SCENA TERZA

Rosmunda, Almachilde, Romilda, Ildovaldo.

Rosm.

Quí, con costei, tu stai? tu pur, tu presti

a' detti suoi sedizíosi orecchio? -

Giorno è di gioja questo: a che, miei prodi,

giova lo starsi infra gli eterni lai

di questa figlia del dolor?... Donzella,

sospiri tu? perché? pronto a' miei cenni

giá sta Ragauso con regal corteggio,

per guidarti ove trono altro piú illustre

ti aspetta, e lieta marital ventura.

Almac. Ma, d'Alarico...
Rosm.

E che? non degno forse

fia di sua man tal re?

Almac. Sí crudo...
Rosm.

Crudo,

quanto Alboín? Costei di un sangue nasce,

cui mai novella crudeltá non giunge,

qual ch'ella sia.

Ildov. Tai nozze...
Almac. A tutti infauste...
Rosm. Spiaccionti?
Almac. Niega ella il consenso...
Rosm.

E il nieghi:

io v'acconsento.

Romil.

Ch'ei di te sia meno

spietato, duolti?

Rosm.

E a te pietoso il credi?

pietoso a te? ch'osi tu dir? Non sente

di te pietá: mal ti lusinghi...

Ildov.

Io, quanta

sentir sen può, tutta la sento; e il dico;

e il mostrerò, se mi vi sforzi. Un tale

strazio chi può d'una regal donzella

mirar, chi 'l può, senza pietá sentirne?...

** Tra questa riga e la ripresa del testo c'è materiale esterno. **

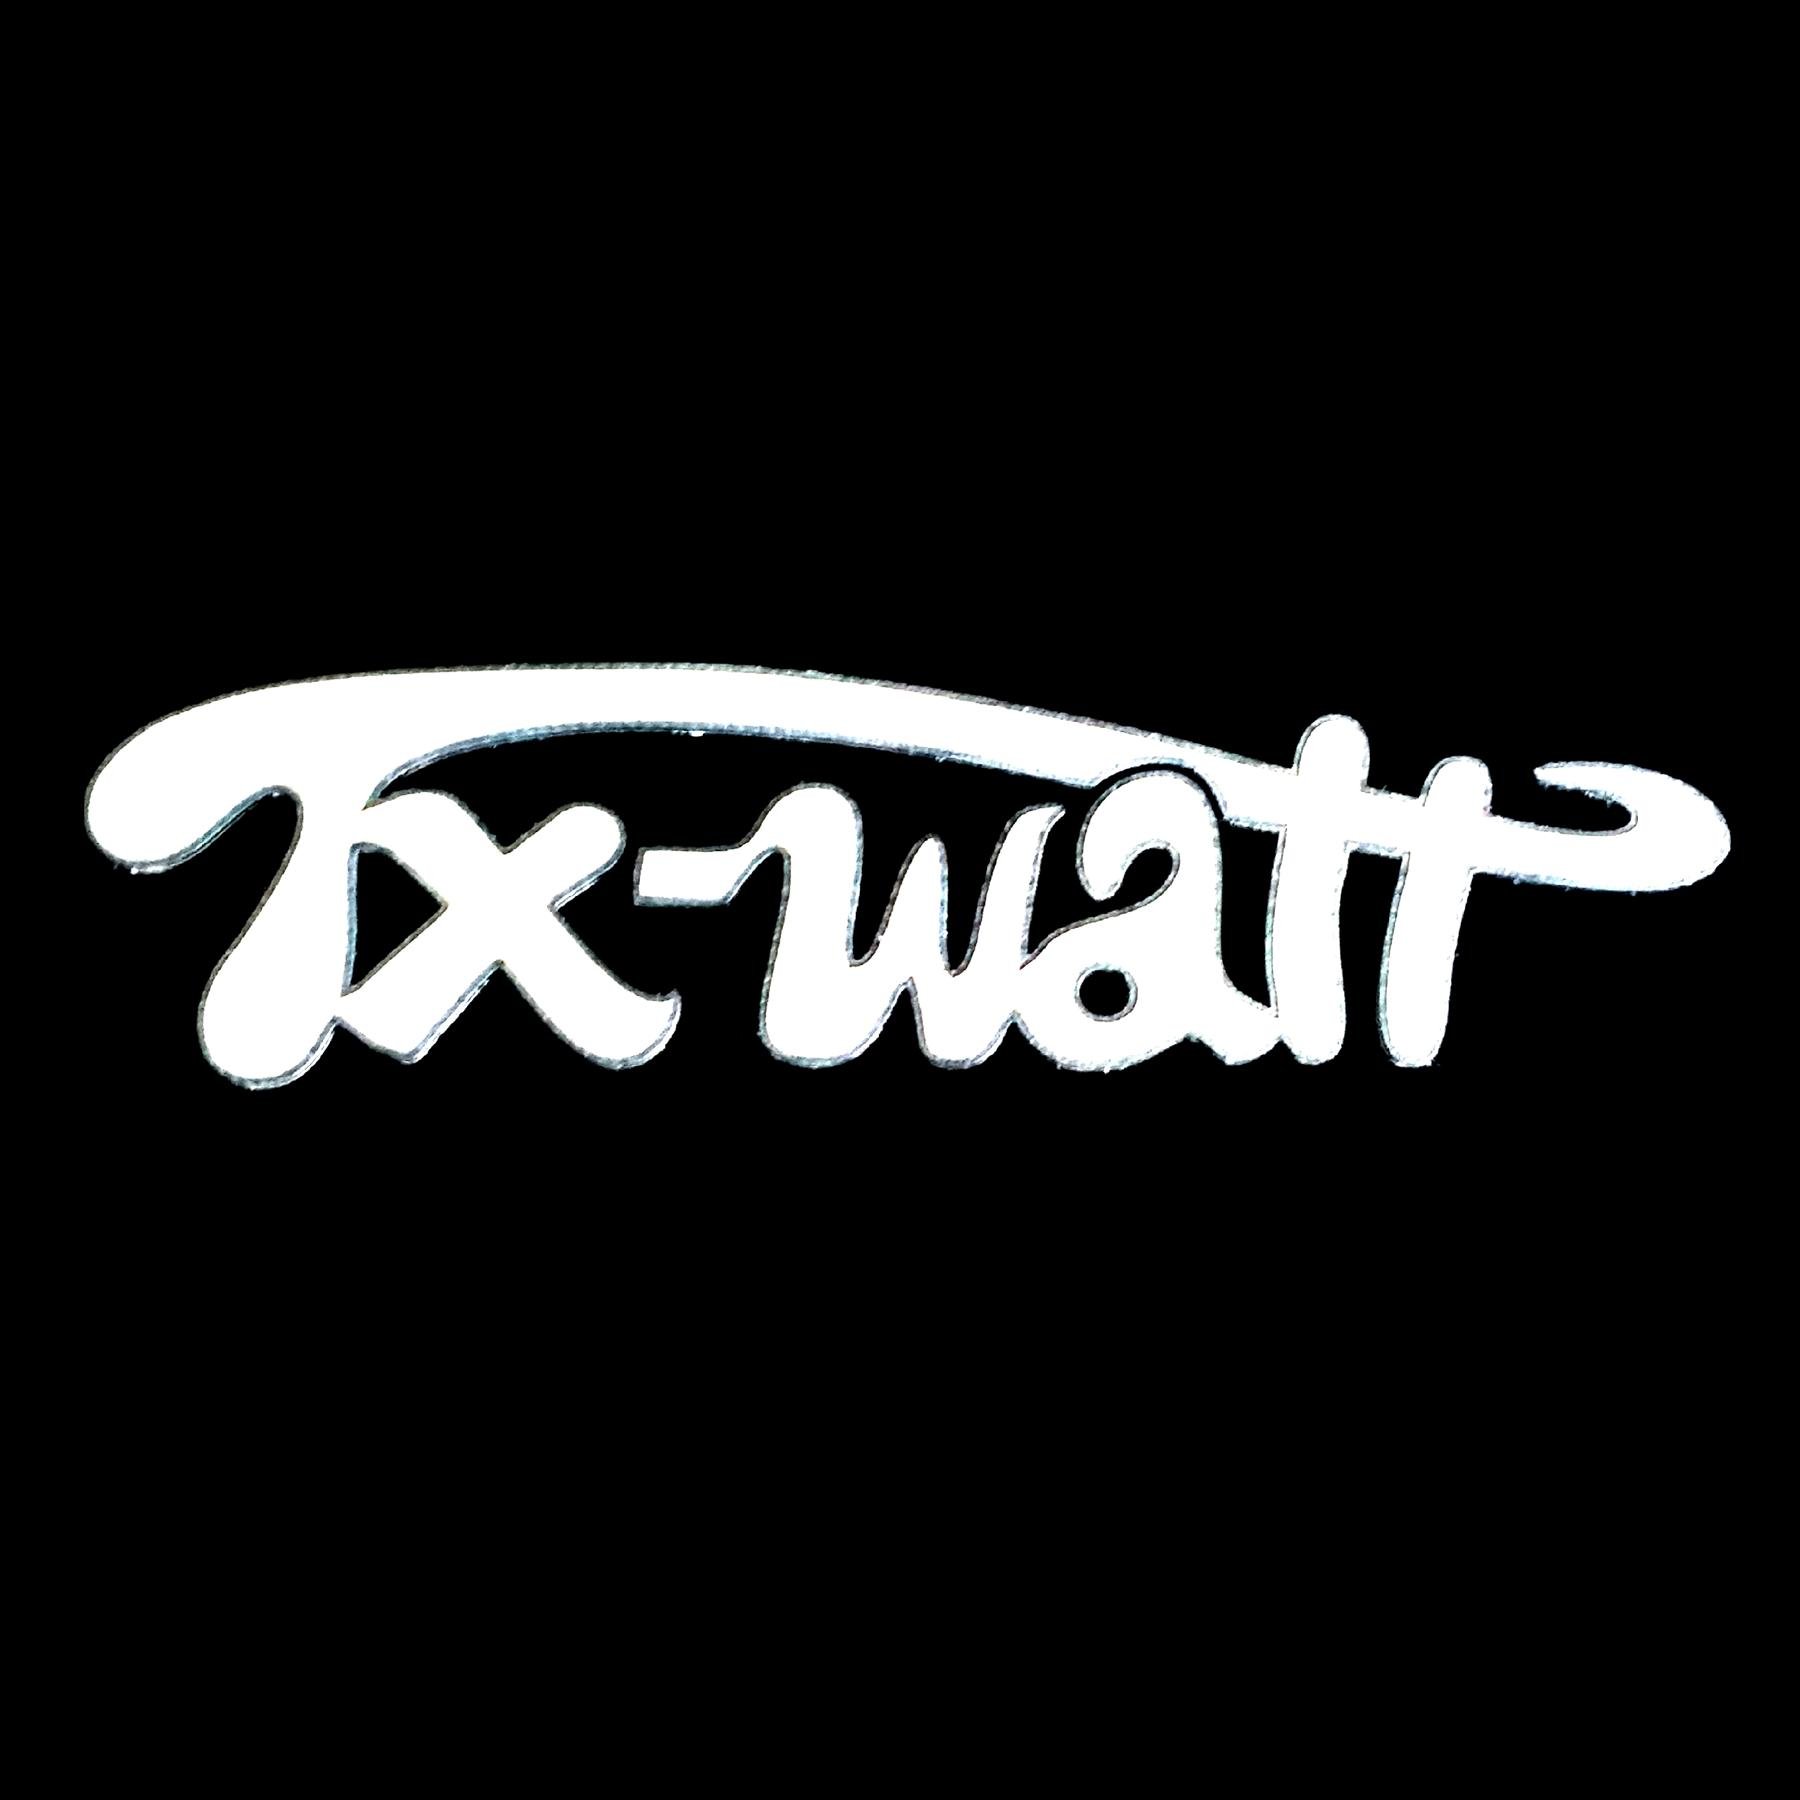 Tx-Watt

Rosm. Pietade ogni uom, tranne Almachilde, n'abbia.
Ildov.

Se ancor memoria dei recenti allori,

ch'oggi a te miete il brando mio, tu serbi,

il mio consiglio udrai. Danno tornarti

può, se Romilda oltraggi.

Almac. E assai gran danno.
Ildov. Saggia sei, se nol fai...
Rosm.

Saggia è Romilda;

e a mia voglia fará. Tu, i tuoi consigli

serba ad altrui. Giá i tuoi servigj vanti?

Che festi? il dover tuo. - Ma tu, consorte,

da me dissenti? e dirmel osi? e deggio

ora innanzi a costei discuter teco

l'alte ragion di stato? Andiam; deh!, vieni:

lasciale or breve a ravvedersi il tempo:

miglior consiglio il suo timor daralle.

Lasciala omai. - Romilda, udisti? o all'alba

muovi buon grado il piede; e orrevol scorta

al fianco avrai, cui fia Ragauso duce;

o l'andar nieghi, e strascinarti ei debbe.